The force sends me crashing into the rough stone wall. The brutal impact rattles my teeth and scrapes a long line ofscales from my shoulder. The dull ache of the injury is another sensation in the overwhelming void of silence.
"He's sick," Torin says, swimming closer and aggressively sniffing the water around my head. "He smells like… nothing. He smells exactly like dead water. He has lost his hum."
"He's completely useless, is what he is," Jora corrects him. She swims over to me, her scarred face looming uncomfortably close to mine. She grabs my heavy jaw in her strong hand, squeezing the bone hard enough to leave deep bruises. She peers clinically into my open mouth, her black eyes searching for a cause she can't comprehend.
"There is nothing physically blocking his airway," she reports, releasing my jaw with a disgusted shove. "He's biologically locked up. He probably swam entirely too close to the bright surface and got his brain scrambled by the bends. Or maybe he finally realized he has absolutely nothing worth saying to us."
She turns her back on me completely, dismissing me with a flick of her powerful tail.
"Get down to the lower vents, Kael," she says dismissively over her shoulder. "If you are not going to talk, you can at least do the heavy labor."
I stare at her retreating back. My desperate, silent pleas mean nothing. The frantic gestures are the useless flailing of a broken tool.
They don't understand the severity of the injury.
They don't care enough to look deeper.
To my family, I am not a brother. I am a blunt tool currently malfunctioning. In the trench, if a tool doesn't work perfectly, you don't waste precious calories trying to fix it. You discard it in the dark.
I look to Mother on her high ledge. She is watching me with cold eyes. Her face is a mask of ancient stone and disapproval.
"You are disrupting the pack meal," she says, her expression completely devoid of maternal warmth. The water pressure shifts with the force of her words, a sensation my broken ears can barely detect. "If you are physically broken, go to the jagged-rocks until you mend yourself. Don't you dare bring your weakness back into this cave."
The jagged-rocks. The barren, exposed shelf where we send the old and the dying to be consumed by the hounds.
A slow, agonizing death sentence.
My chest completely caves in.
Family. The word is a bitter taste in my dead throat. I was never family. I was the largest shadow who cleared the grates so their hands stayed clean. The silent wall who absorbed their complaints because their own voices were too loud and arrogant to hear one another.
Now that I physically cannot hear, I am nothing. The space I occupy has been emptied.
I back away from the center stone. Each movement is a mechanical function, a disconnected command to a body that no longer feels like my own.
I don't go down to the lower vents.
I go to my sleeping niche in the back of the cavern. The water here is still. Stagnant.
I reach under the heavy slab of stone where I hide my few collected possessions. My fingers brush past sharpened tools and spare knives. They search the dark until they find it: the smooth, cold metal handle of the silver mirror.
I pull it out.
I hold the glass up to the dim, ambient light of the cavern.
The reflection staring back is a stranger. A monster. My black eyes are wide, hollowed-out pits. My mouth is a thin, trembling line of despair. The pale skin of my throat is a mess of dark bruises and fresh blood from where I clawed at the numbing ice.

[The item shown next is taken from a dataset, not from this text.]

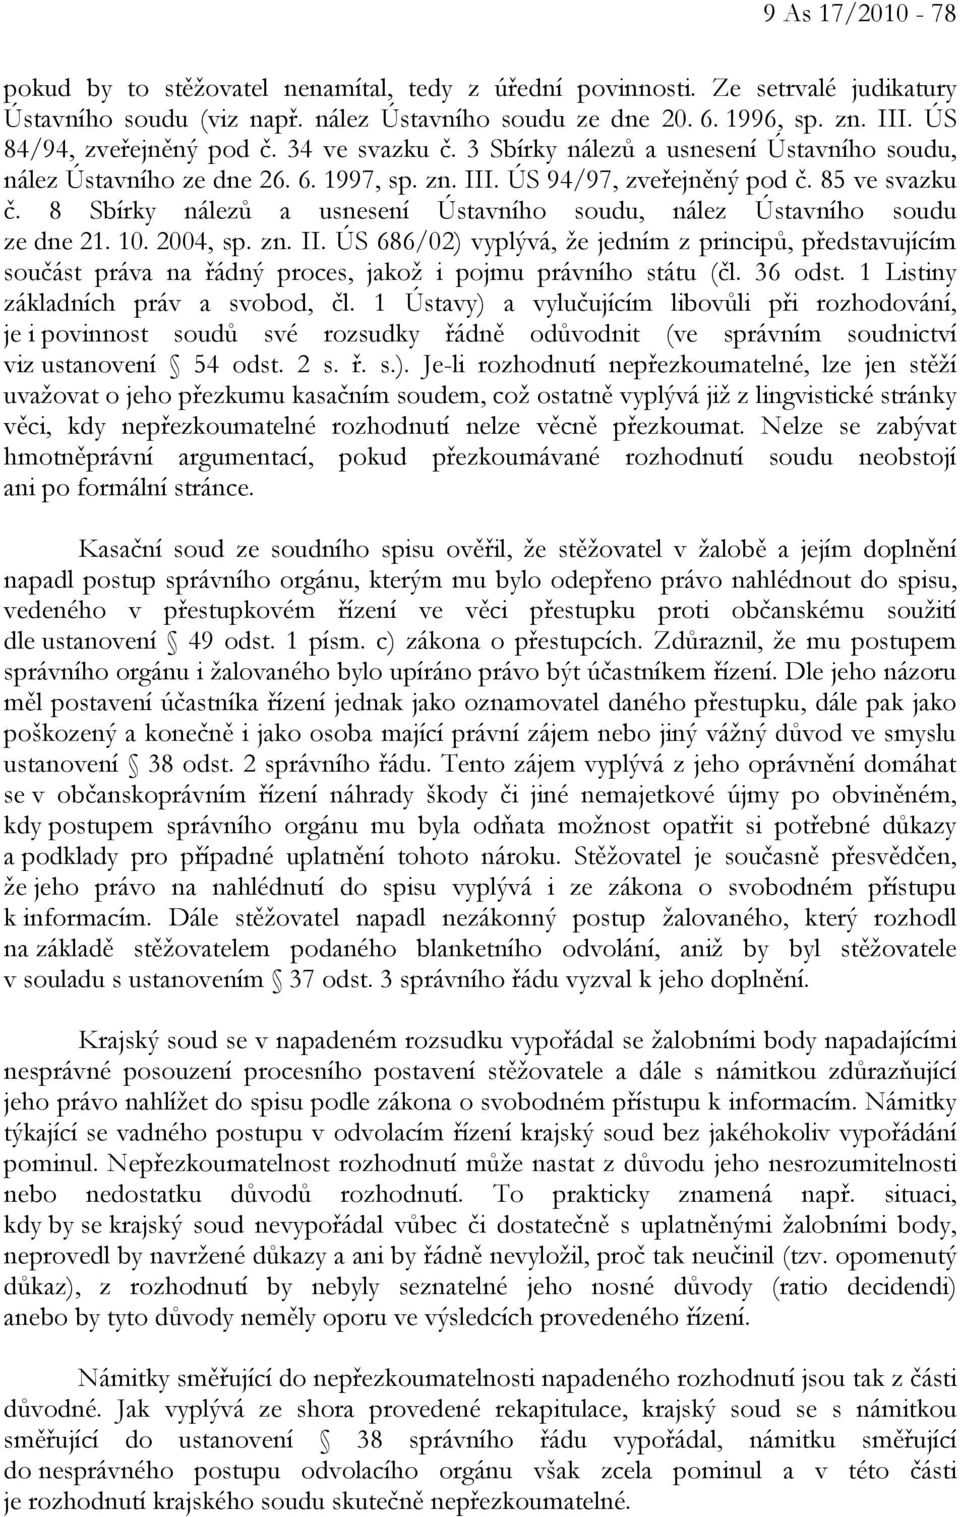 8 Sbírky nálezů a usnesení Ústavního soudu, nález Ústavního soudu ze dne 21. 10. 2004, sp. zn. II.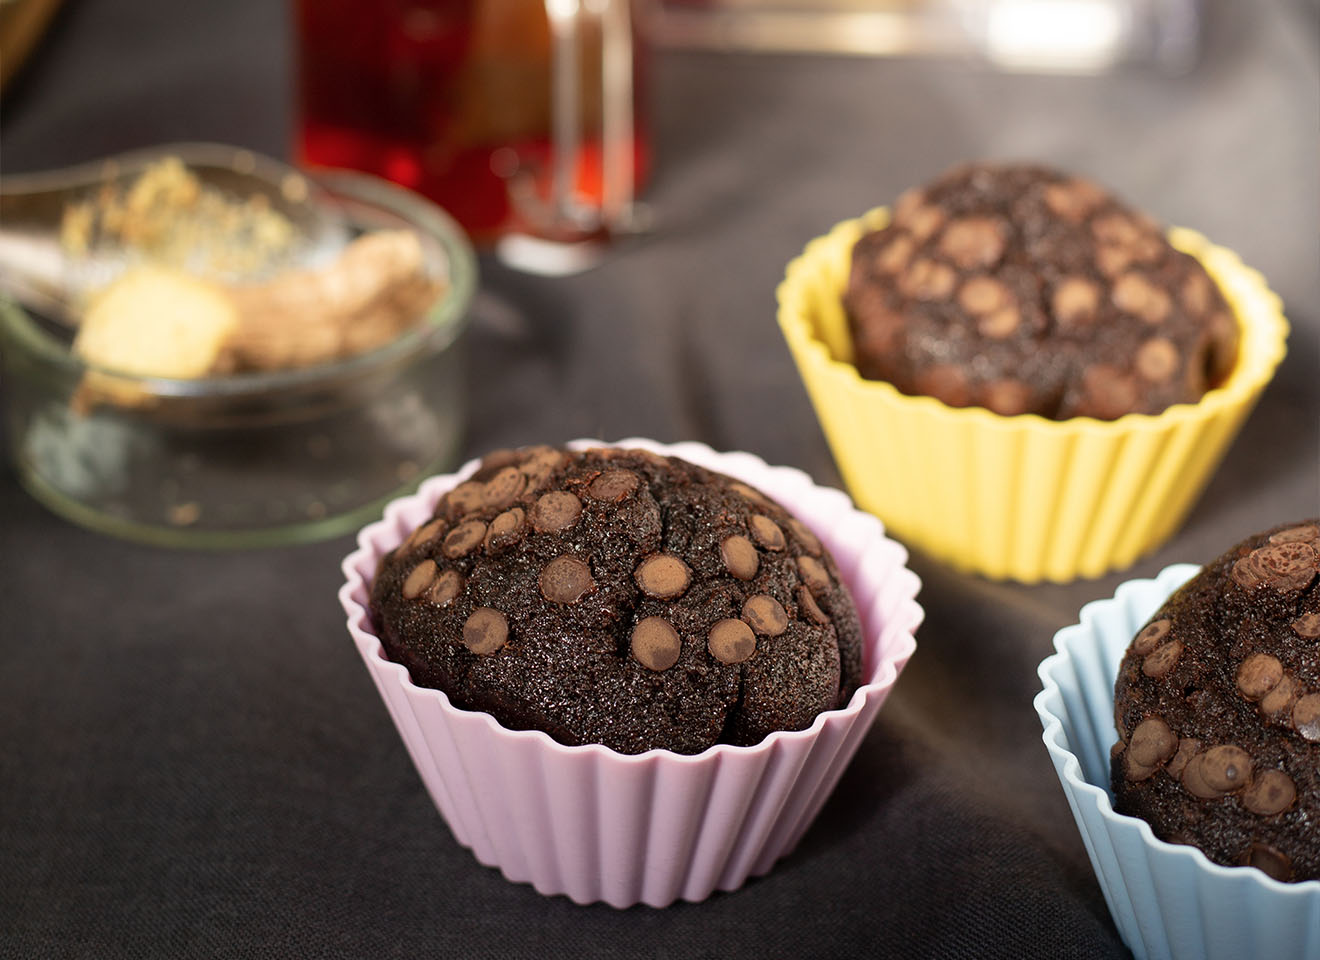 Silicone muffin cups

You were dragging him down into the dark.
The thought is not my own. It is the echo of my family's judgment. The echo of my own deepest fear. I look at the distorted mirror, and the memory of Vaelis holding it burns in my mind. The way he smiled when I touched his face. The way his golden eyes lit up when I told him he was a signal. I'm not that. I'm dead static now.
If I stay here, I will die. Slowly. My family will watch me wither, or Rusk will grow tired of my silence and end me with a single, efficient blow. And if I try to go back to the boundary wall...
Vaelis belongs to the light. To the glittering plaza where his laugh bounced off coral spires, where silk flows around him like water, where his beauty is a treasure, not a death sentence. He belongs to a world built on songs, on intricate lies, on the gentle hum of voices that never freeze in the dark.
If I go back to him like this—silent and broken—what will he see? He will not see the shadow who pulled him from the collapse. He will not see the monster who taught him the taste of real darkness. He will see a pathetic creature. A burden. A mute beast whose hands once held him but now tremble with uselessness.
I will become the monster he was always taught to fear.